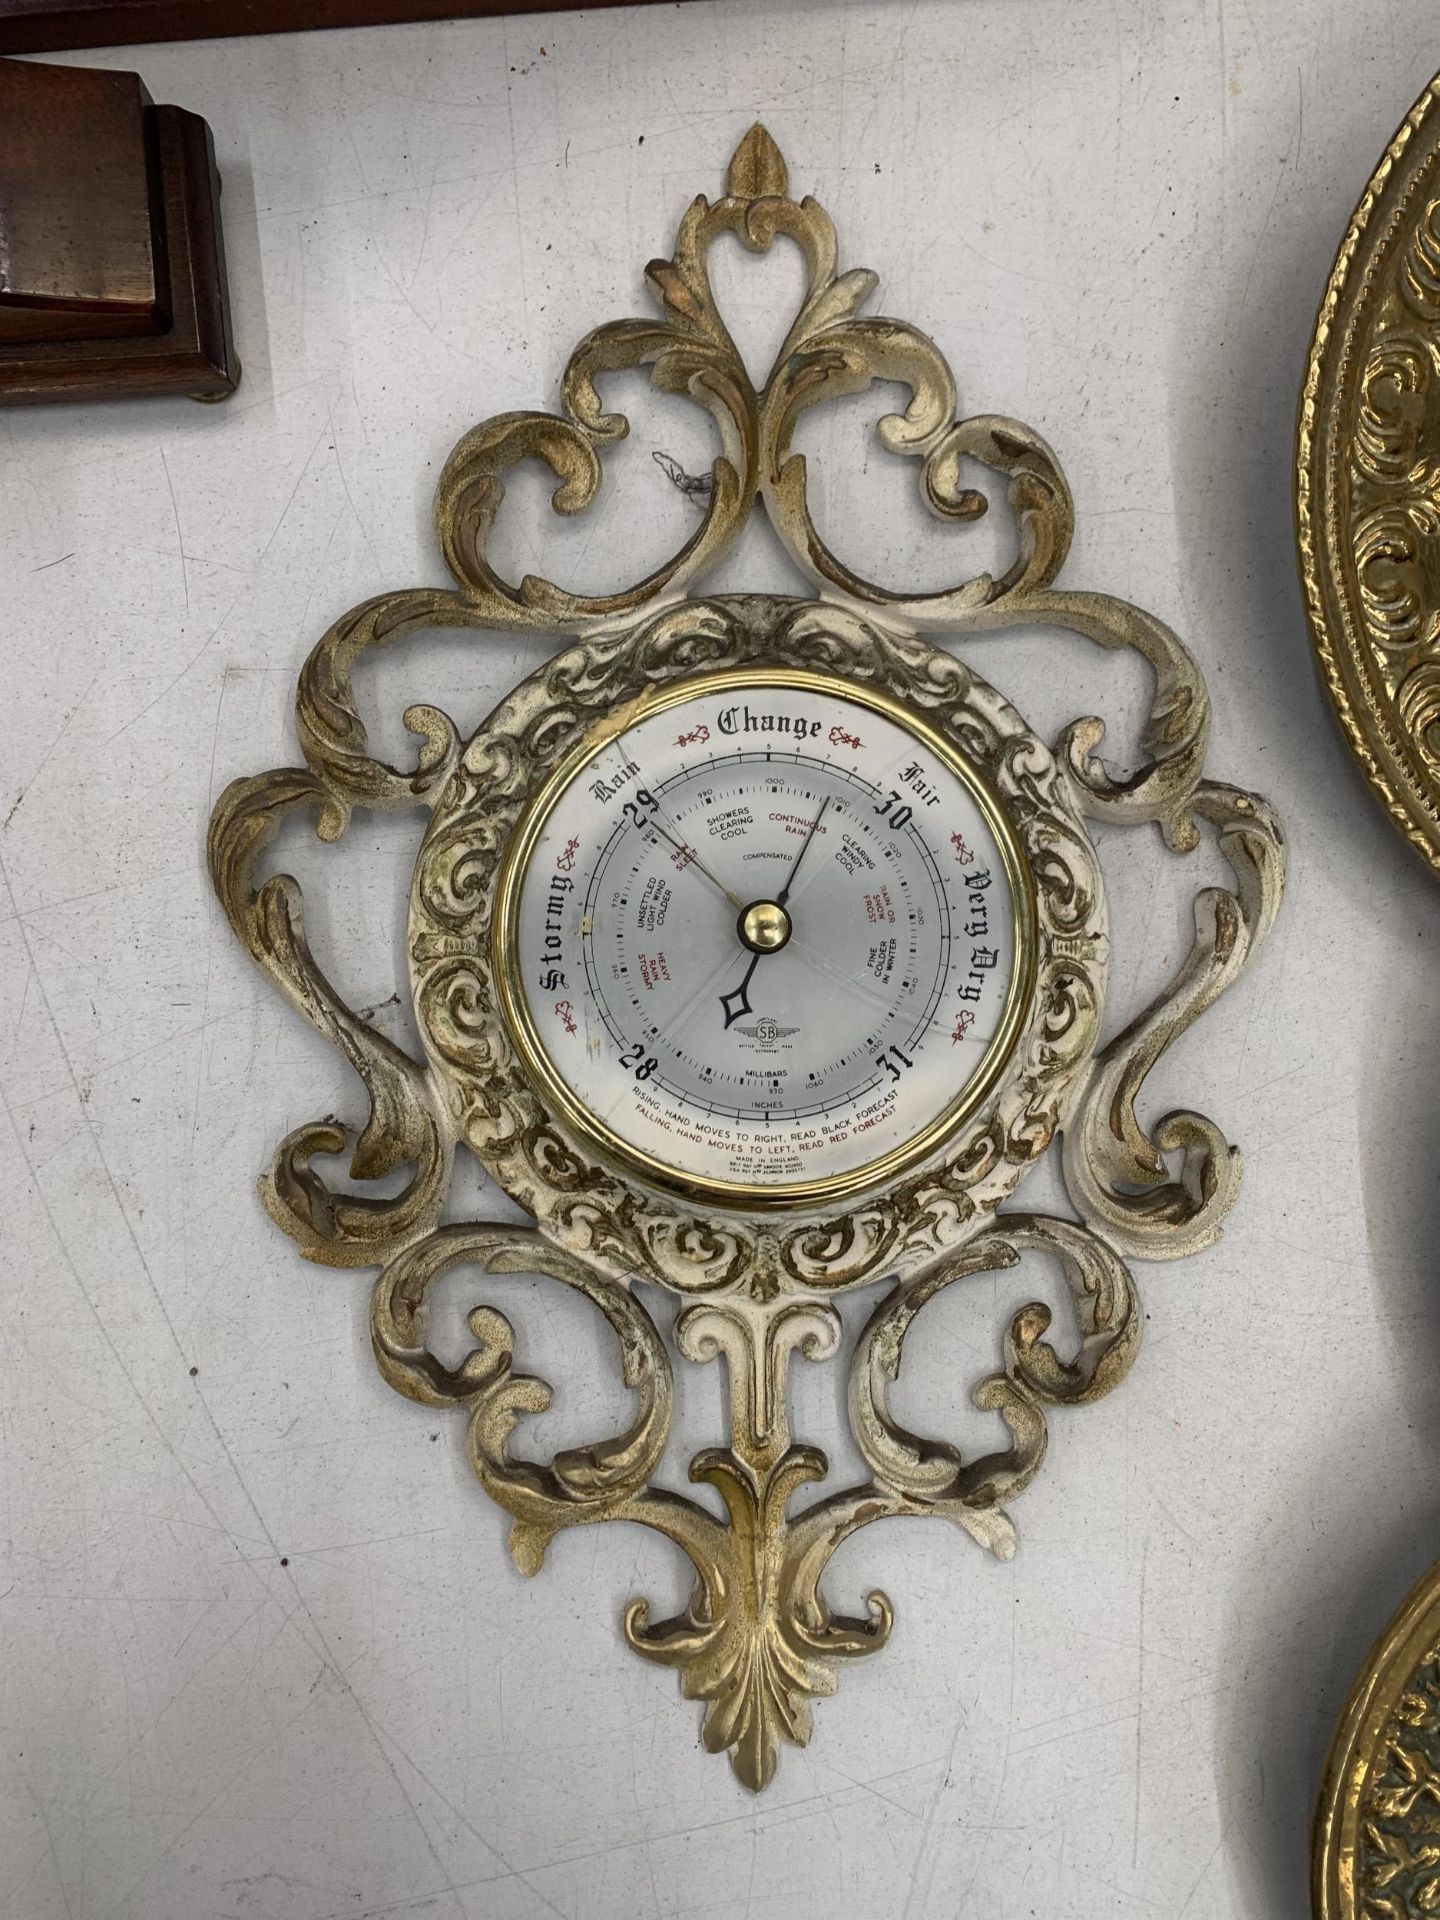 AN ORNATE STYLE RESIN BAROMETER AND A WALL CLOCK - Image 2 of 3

* * *

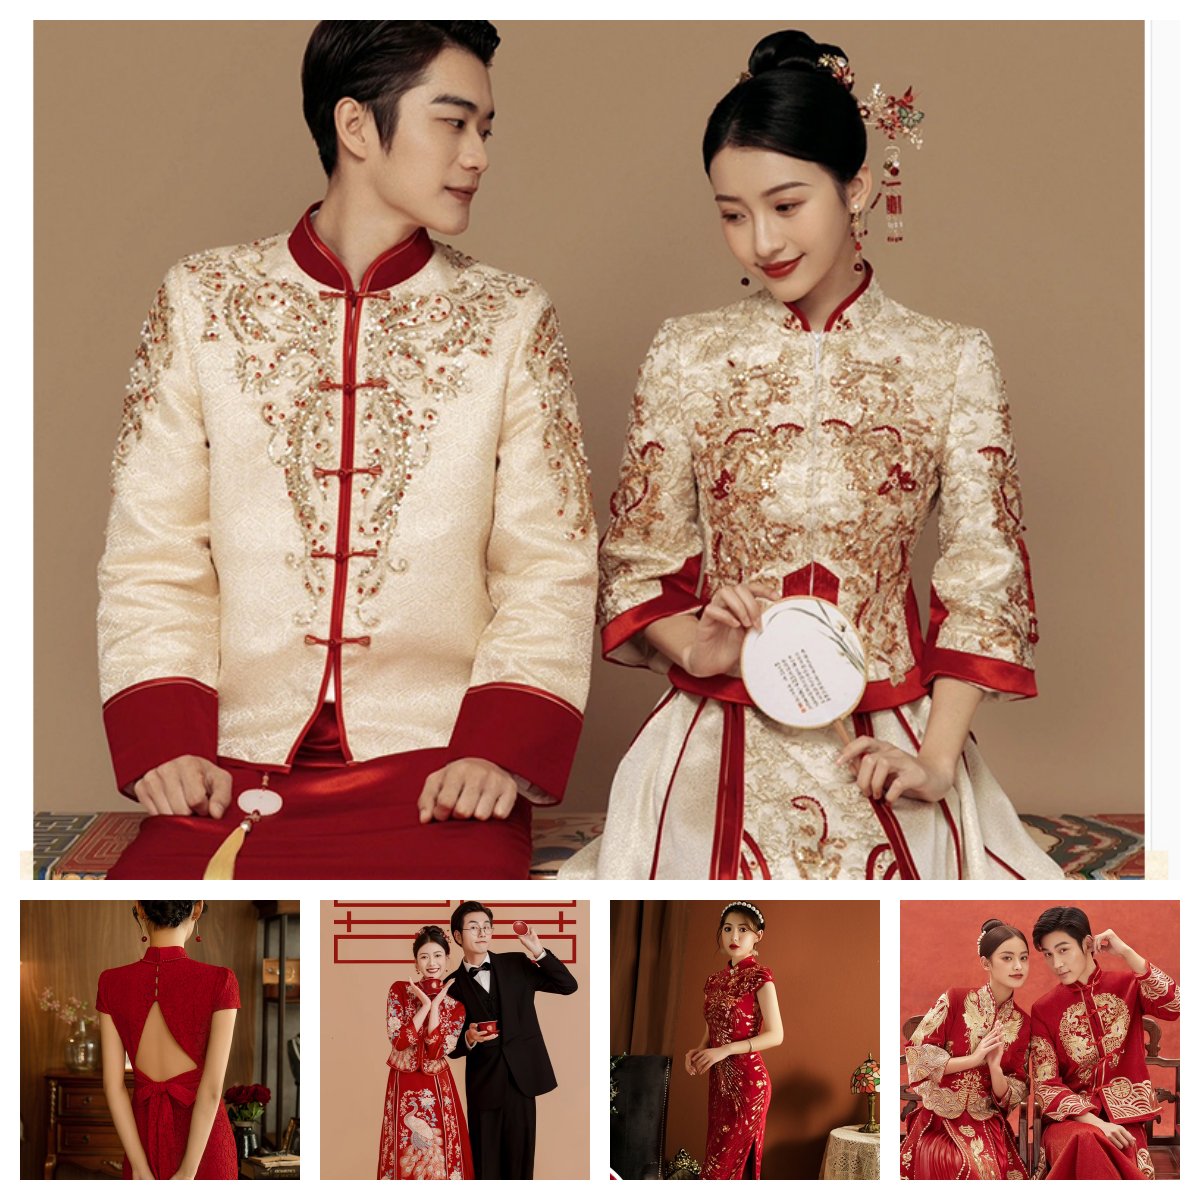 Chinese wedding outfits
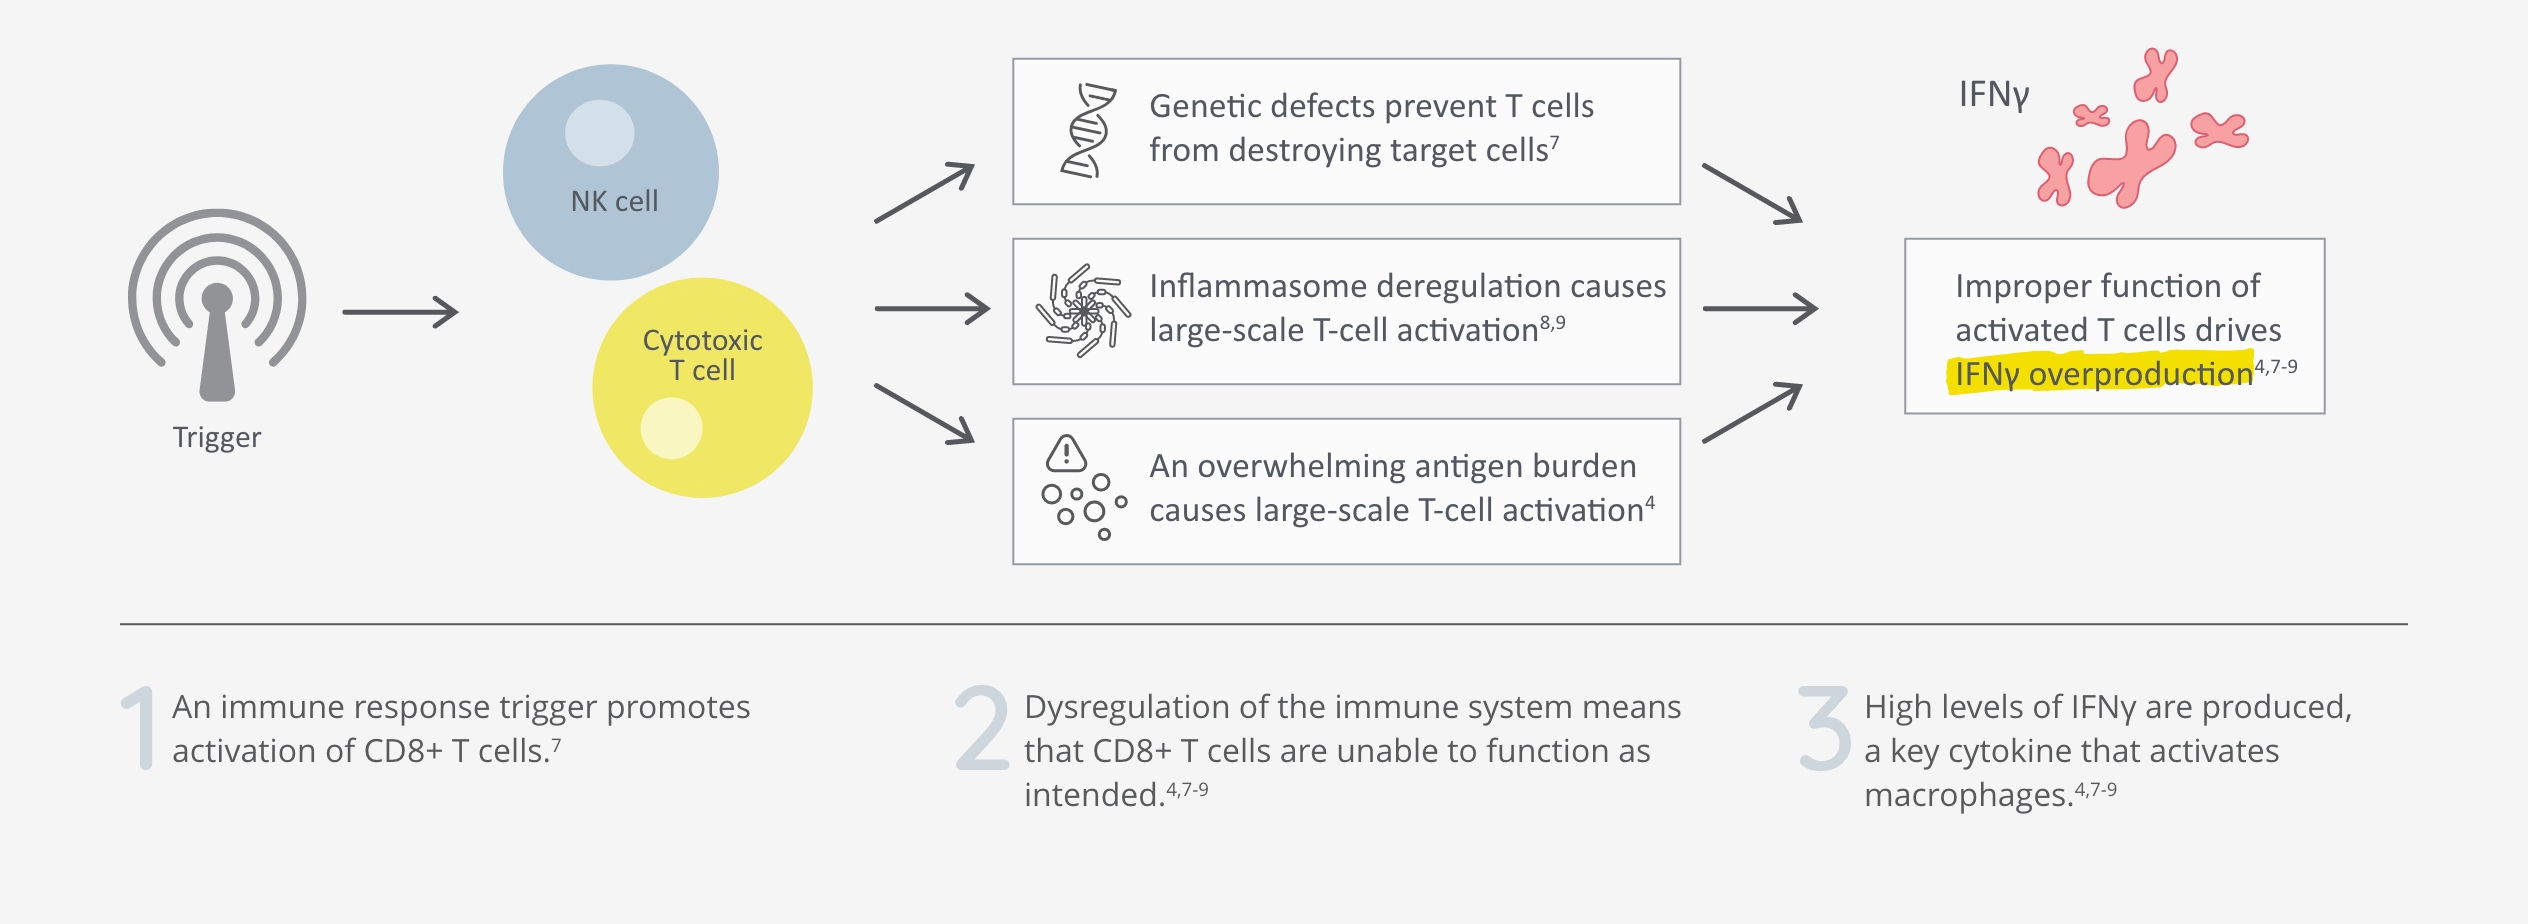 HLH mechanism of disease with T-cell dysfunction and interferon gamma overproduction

> [Work required]:
Above are records with pictures. Reproduce exactly only the lines from the line with "Chinese wedding outfits" through the line with "HLH mechanism of", both ends included, and leave the pictures out.

> [Answer for this exercise]:
 Chinese wedding outfits
 HLH mechanism of disease with T-cell dysfunction and interferon gamma overproduction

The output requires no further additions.